The Project

An Arts and Humanities Research Council-funded project based at the universities of Bristol and East Anglia

This project (research undertaken in 2016-19) investigated the impact of Eastmancolor, a film stock introduced by Kodak in the 1950s, on British cinema. As a relatively cheap, ‘monopack’ stock that could be used in any camera, Eastmancolor revolutionised the ways in which colour films were made. Over the next thirty years colour filmmaking came to dominate sound cinema for the first time. The project’s focus was on how British cinema, its filmmakers and other professionals adapted to one of the most important technical innovations in film history. It explored British cinema’s response, at first confined to a few genres, before fully embracing the economic and aesthetic advantages of colour filmmaking. It identified key genres and films, personnel who experimented with colour and significant issues relating to the preservation and restoration of colour films. The project achieved a greater understanding of the significance of colour in British film history and culture while contributing to knowledge about the state of Britain’s colour film heritage.

The project team examined three key phases of development, providing an opportunity to fully document and examine the emergence of a rich corpus of colour production in mainstream, short/instructional/amateur and art cinema. The project was designed to highlight three interrelated major themes: Economic and Industrial perspectives; Intermedial Aesthetics; and Film Restoration. The project team produced data on British colour films, their financial histories and why particular companies were attracted to colour after decades of black-and-white production. Colour’s relationship with other key technological developments including Widescreen and 3-D cinema were also investigated, as well as colour’s role in attempts to compete in international markets. The influence on cinema of developments in colour production in other media such as advertising, publishing, fashion, painting and design was a leading thematic approach.

The project team interviewed a number of film practitioners to learn more about their engagement with colour aesthetics, as well as the British and non-British films which inspired their creative choices. The project also investigated the condition of surviving colour film prints, many of which are subject to fading and deterioration. The serious issues concerning the preservation and restoration of our photochemical colour film heritage was an important context for the project’s collaboration with the British Film Institute.

The project benefited from links with several other key organisations including Studio Canal, owner of an archive of British film prints from the period, the interdisciplinary UK Colour Group, BECTU (Broadcasting, Entertainment, Cinematograph and Theatre Union) and the East Anglian Film Archive. The team produced a number of outputs directed at academic and non-academic beneficiaries.
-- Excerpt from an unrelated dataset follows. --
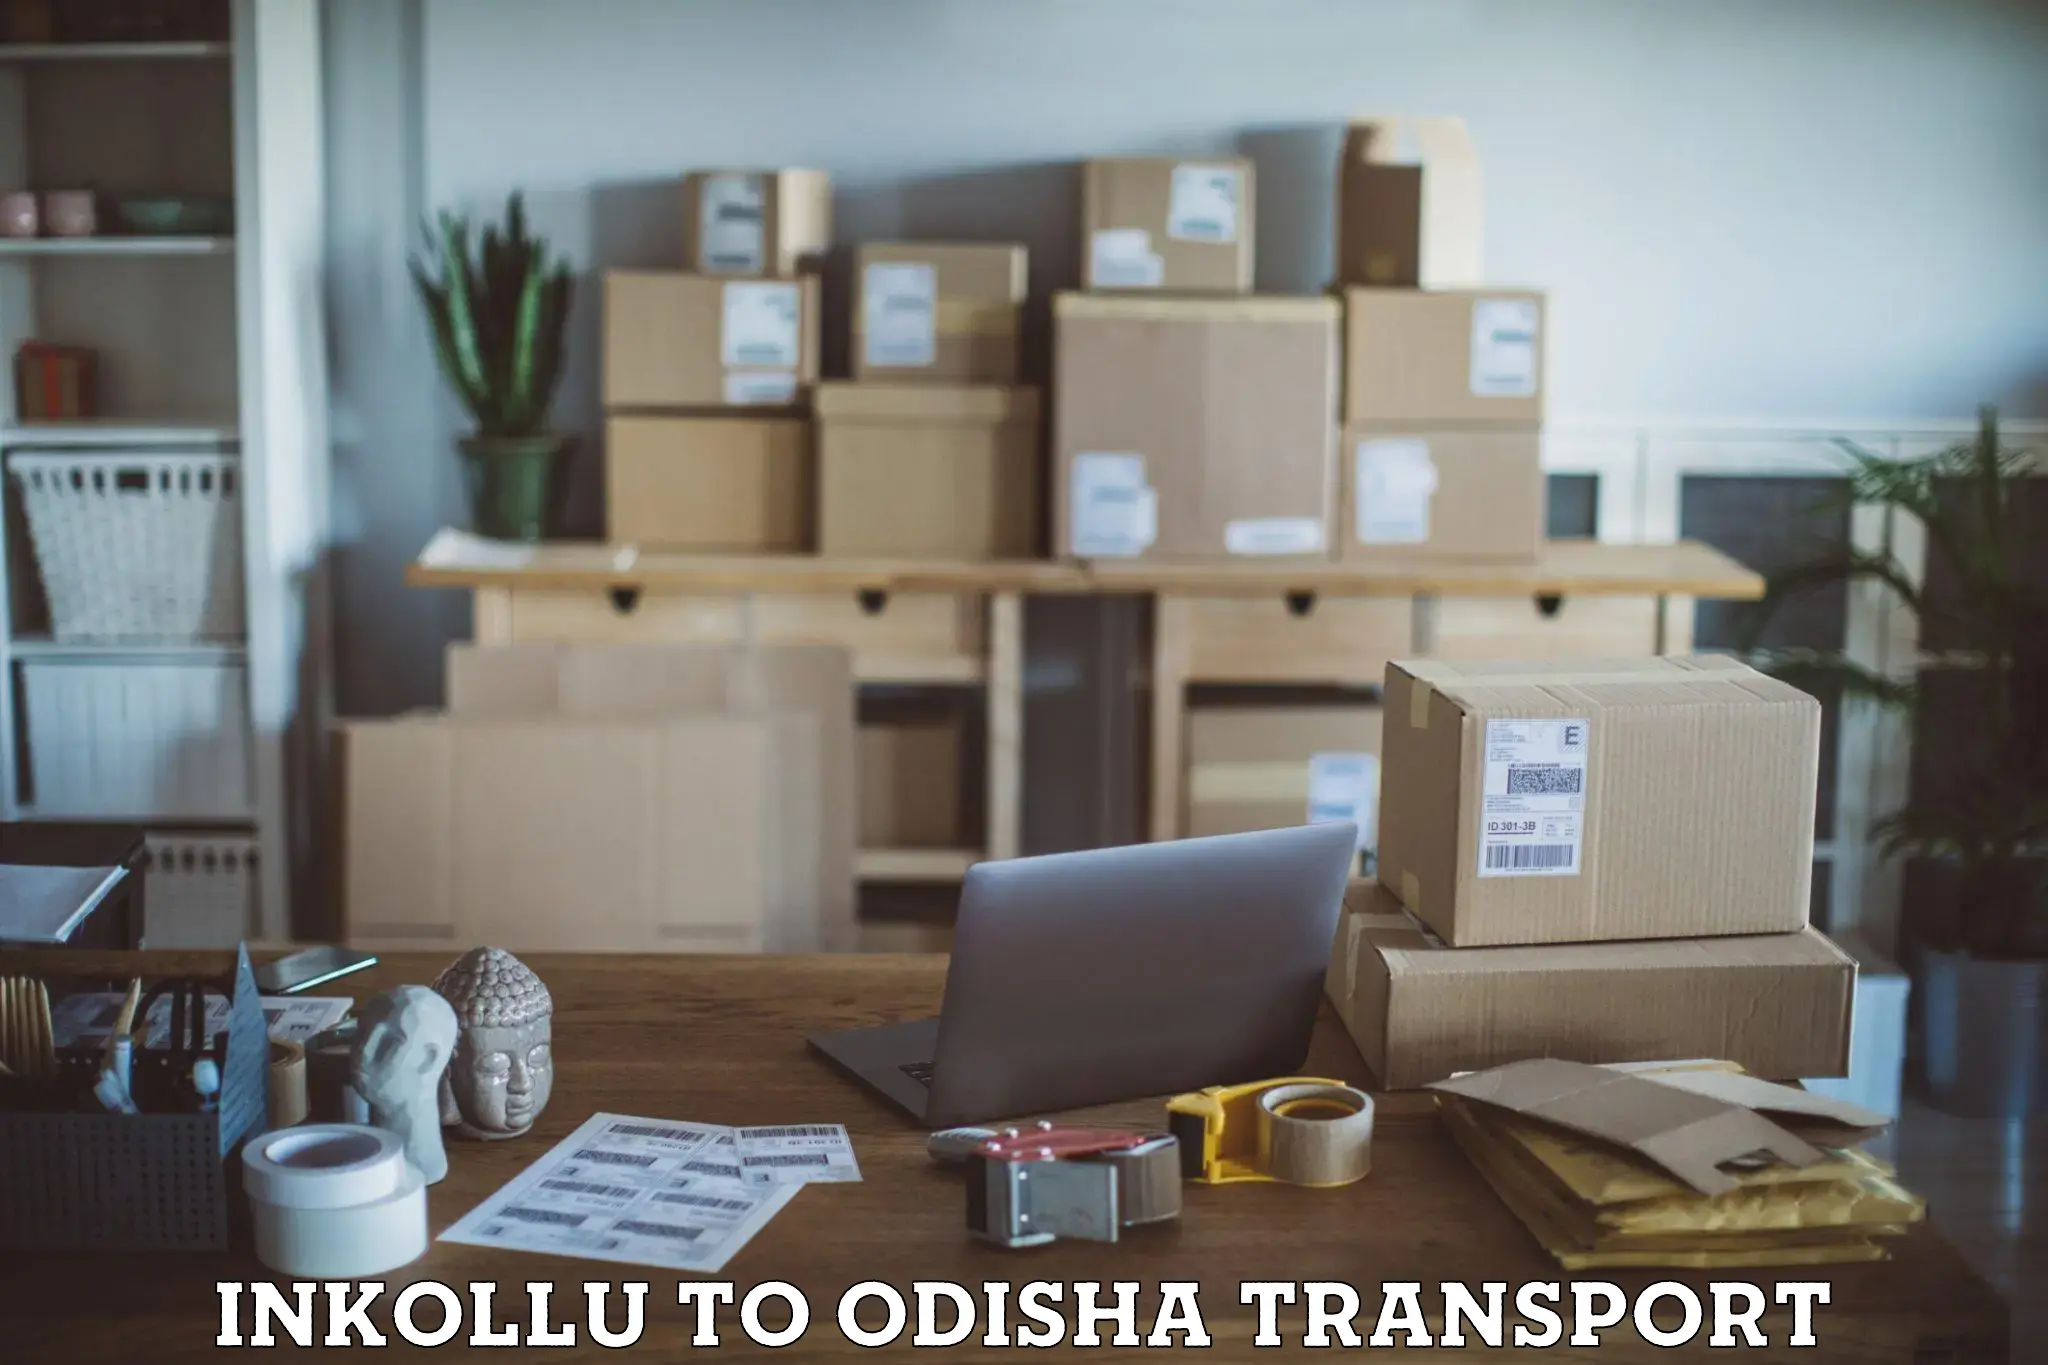 Express transport services Inkollu to Odisha

A book, articles and a conference drew attention for the first time to the rich chromatic range and heritage of British cinema during a key stage in its historical development. The production of several video essays provided an opportunity for the team to engage a wider audience, as well as public screenings and a workshop with the GB Colour Group. The practitioner interviews constitute a permanent record of interest to multiple users. Blog posts on this site continue to chart the team’s interest in colour, as well as showcasing additional research that was undertaken for the project.